Pesquisas indicam que atraímos mais mosquitos ao ingerirmos bebida alcoólica, mas qual é o efeito do álcool no organismo desses insetos?
Há alguns anos, participei como fotógrafo de um rali de carros antigos na Dinamarca. O objetivo da competição não era premiar quem fosse mais rápido, mas quem se vestisse de forma mais extravagante. O evento terminou em um acampamento na ilha de Møn, com todo mundo dançando, bebendo e comendo. Algumas horas – e drinques – mais tarde, decidi que era uma boa ideia dormir numa espreguiçadeira sob o sereno dinamarquês.
Foi quando fiz três importantes descobertas: 1) a Dinamarca possui uma população feroz de mosquitos durante o verão; 2) os mosquitos são perfeitamente capazes de picar através da espreguiçadeira e da sua roupa; e 3) beber álcool é um imã para esses insetos insuportáveis. Acordei com minhas costas parecendo um plástico-bolha. Não era a memória que eu queria ter levado de volta para casa.
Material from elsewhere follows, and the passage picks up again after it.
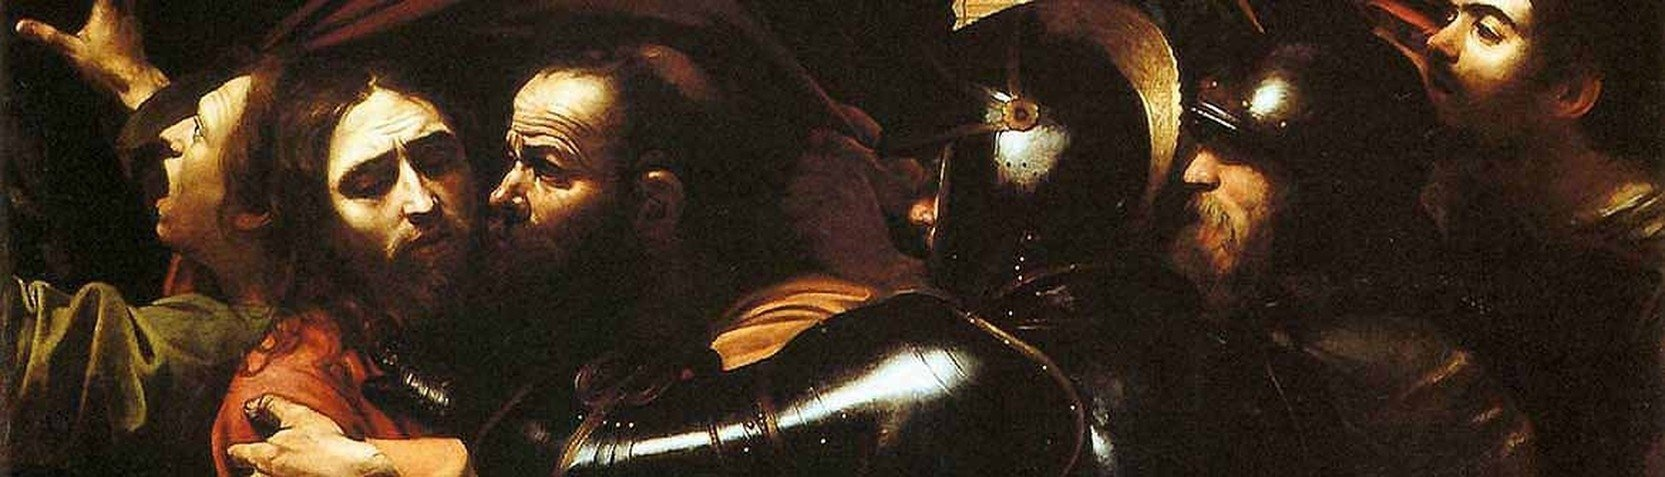 Artistes A-Z - Michelangelo Caravaggio

Como o periódico científico Journal of the American Mosquito Control Association descobriu em 2002, a probabilidade de sermos picados por um mosquito aumenta drasticamente quando ingerimos álcool. O estudo, que envolveu um grupo pequeno, de apenas 13 pessoas, mostrou que aquelas que beberam uma garrafa de cerveja tinham maior probabilidade de serem devoradas por esses insetos.
Exatamente por que os mosquitos parecem mais atraídos pelos beberrões, ninguém sabe ao certo. Sabemos, por outro lado, que esses insetos nos picam graças a duas substâncias químicas que exalamos quando respiramos: dióxido de carbono e octanol. O octanol, um álcool secundário criado a partir da quebra do ácido linoleico, também é comumente conhecido como “álcool de cogumelo” porque é o composto que ajuda a dar sabor aos cogumelos.
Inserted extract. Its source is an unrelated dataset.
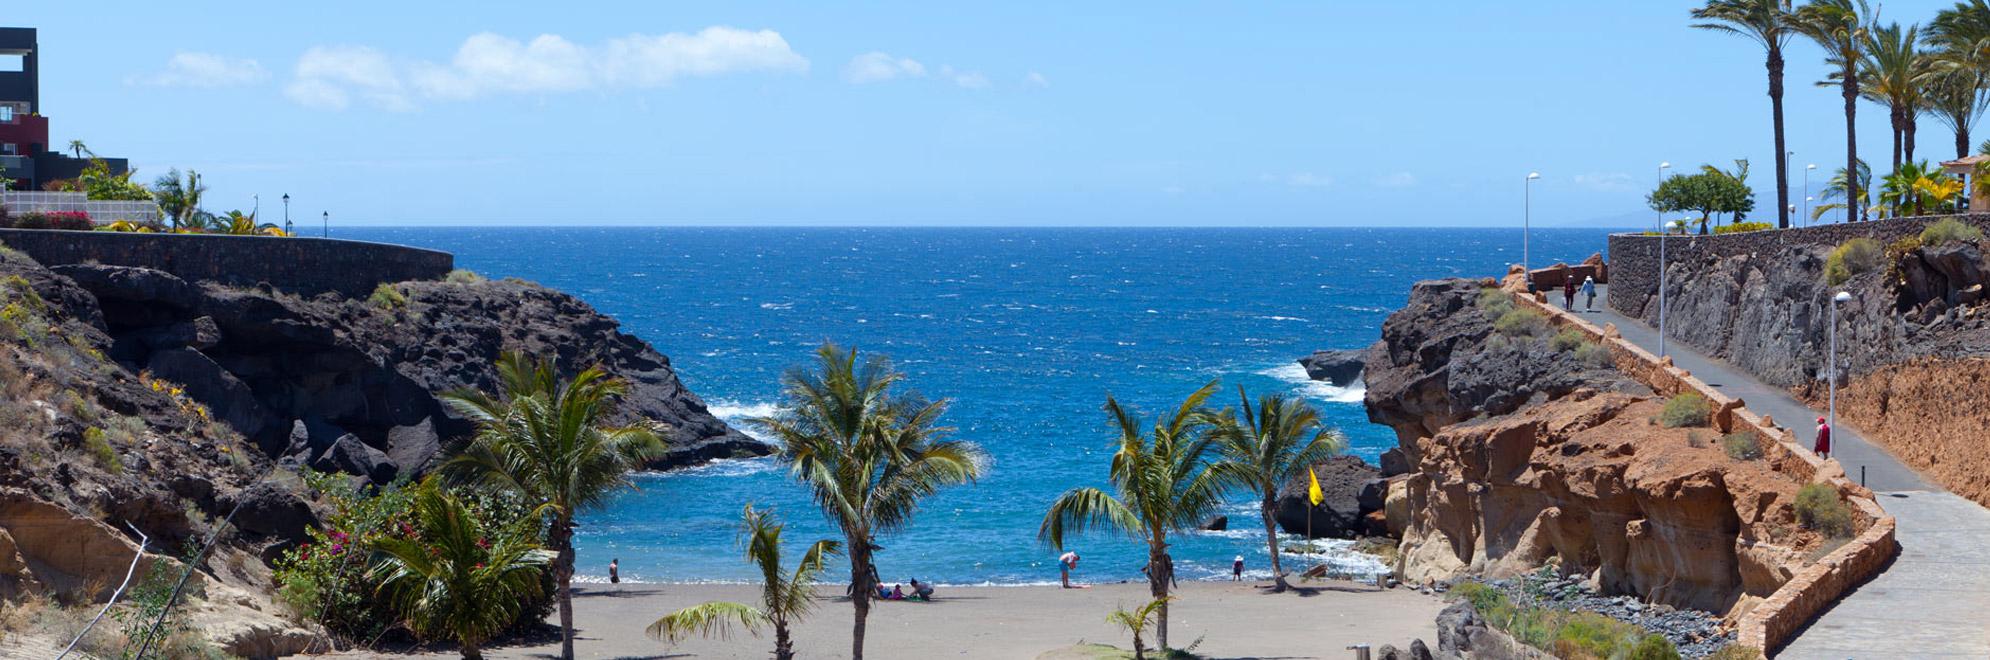 Lage Roca Nivaria Gh Adrian Hoteles Playa Paraiso Teneriffa

Mas isso leva a outra pergunta: os mosquitos que se alimentam de humanos embriagados também se embriagam? Apesar do grande número de mosquitos que se alimentou de sangue de seres humanos bêbados ao longo de milênios, há relativamente pouca pesquisa sobre o assunto.
A entomologista Tanya Dapkey, da Universidade da Pensilvânia, no Estado americano da Filadélfia, diz à BBC Future: “Suspeito que a resposta seja não, porque o nível de álcool no sangue é muito baixo (para embriagá-lo)”.
Mas basta uma rápida pesquisa para encontrar estudos que mostram a associação entre mosquitos e álcool.
Em um artigo recente na revista científica Popular Science, o entomologista Coby Schal, da Universidade Estadual da Carolina do Norte, nos Estados Unidos, mostrou que um ser humano que tenha tomado 12 drinques pode ter um nível de álcool no sangue de 0,2%. Porém, se um mosquito beber o sangue dessa pessoa, os efeitos em seu organismo seriam insignificantes – afinal, ele suga quantidades tão pequenas que o álcool acaba diluído a 1/25 de sua composição original.
Evolução
A evolução também pode ter dado uma ajuda extra aos mosquitos. Qualquer outro líquido que não seja sangue é desviado primeiro para uma bolsa digestiva separada, na qual é quebrado por enzimas. Portanto, é provável que o álcool seja neutralizado antes de atingir o sistema nervoso do inseto.
“Muitos dos insetos adultos têm uma espécie de papo (dilatação no esôfago) que armazena todos esses líquidos que eles sugam. Posteriormente, essas substâncias são liberadas gradualmente”, diz Erica McAlister, curadora sênior de insetos do Museu de História Natural de Londres. “Enzimas quebram tudo que é prejudicial – como álcool e bactérias”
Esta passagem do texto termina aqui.